Pulmonary interstitial glycogenosis (PIG). (A) Lung histopathology from a 5-week-old infant shows diffuse interstitial widening and cellularity with bland-appearing vacuolated foamy cells that contain glycogen (periodic acid-Schiff [PAS] stain). These cells seen in PIG are strongly immunoreactive with vimentin (not shown). Pigmented alveolar macrophages were an additional finding in this infant with history of meconium aspiration.(B) Electron microscopy demonstrates that these mesenchymal cells contain abundant monoparticulate glycogen.
Neuroendocrine cell hyperplasia of infancy (NEHI) (A) Chest high-resolution CT (HRCT) scanning (at total lung capacity) in a 6-month-old infant with tachypnea, hypoxemia, and failure to thrive. Sharply defined areas of ground glass opacity are seen most prominent in the right middle lobe and lingual. Diffuse air-trapping was seen on expiratory images (not shown). No additional abnormalities were identified.(B) Hematoxylin and eosin staining of the lung biopsy reveals near-normal lung architecture. (C) Bombesin immunostaining reveals increased numbers of neuroendocrine cells.
Follicular bronchiolitis (A) Chest high-resolution CT (HRCT) scan from a 6-year-old infant with common variable immunodeficiency with history of anemia, thrombocytopenia, recurrent pneumonia, chronic cough, and exercise intolerance. Mosaic attenuation is present diffusely throughout the lungs. Extensive hilar and mediastinal lymphadenopathy is also present. Air-trapping was seen on expiratory images (not shown). (B) Lung histopathology demonstrates severe airway-centric lymphocytic inflammation with reactive follicles, which infiltrates and obscures most bronchioles.
Bronchiolitis obliterans. (A) Chest CT scanning from an 8-year-old demonstrates irregular large mosaic regions of ground-glass opacity and air-trapping, as well as the presence of peribronchial thickening and bronchiectasis. (B) Pathology demonstrates focal areas of fibrosis with polypoid plugs of fibroblastic cells and fibrin filling distal bronchioles and airspaces (hematoxylin and eosin).
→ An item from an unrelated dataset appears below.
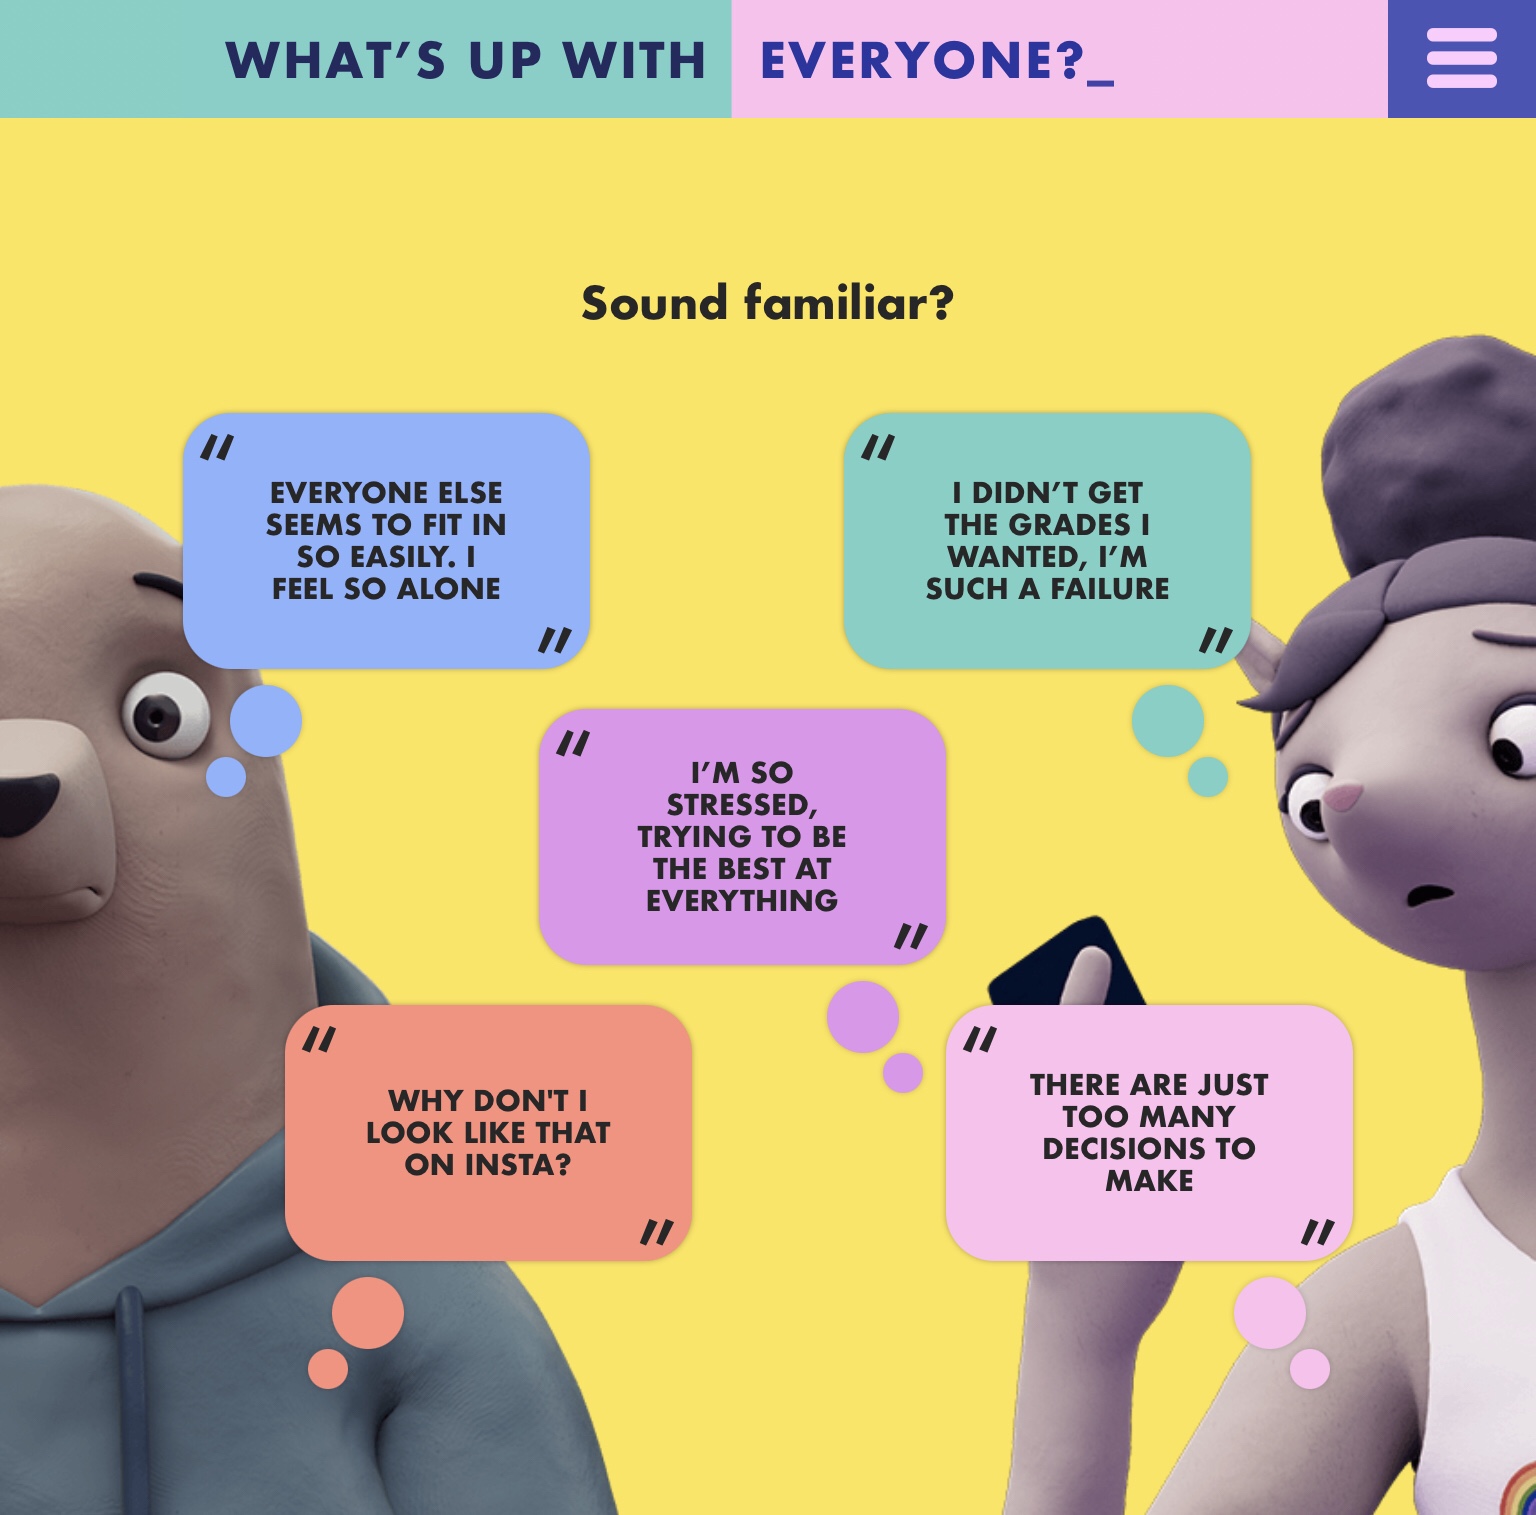 Aardman - What’s Up With Everyone? Campaign

Nonspecific interstitial pneumonitis. (A) Chest high-resolution CT (HRCT) scanning from a 10-year-old with systemic sclerosis and progressive exercise intolerance. (B) Lung biopsy showed multiple abnormalities including a relatively diffuse interstitial process with mild chronic inflammation, abundant fibroblastic tissue and patchy dense interstitial fibrosis. Accumulation of alveolar macrophages is seen in the airspaces, with rare foci of organizing pneumonia. Pulmonary arteries demonstrated focal intimal hyperplasia and medial hypertrophy, and the pleura contains patchy chronic inflammation. This overall constellation of findings is generally classified as mixed cellular and fibrotic nonspecific interstitial pneumonia (NSIP) and is a pattern most commonly seen in the setting of underlying collagen vascular disease.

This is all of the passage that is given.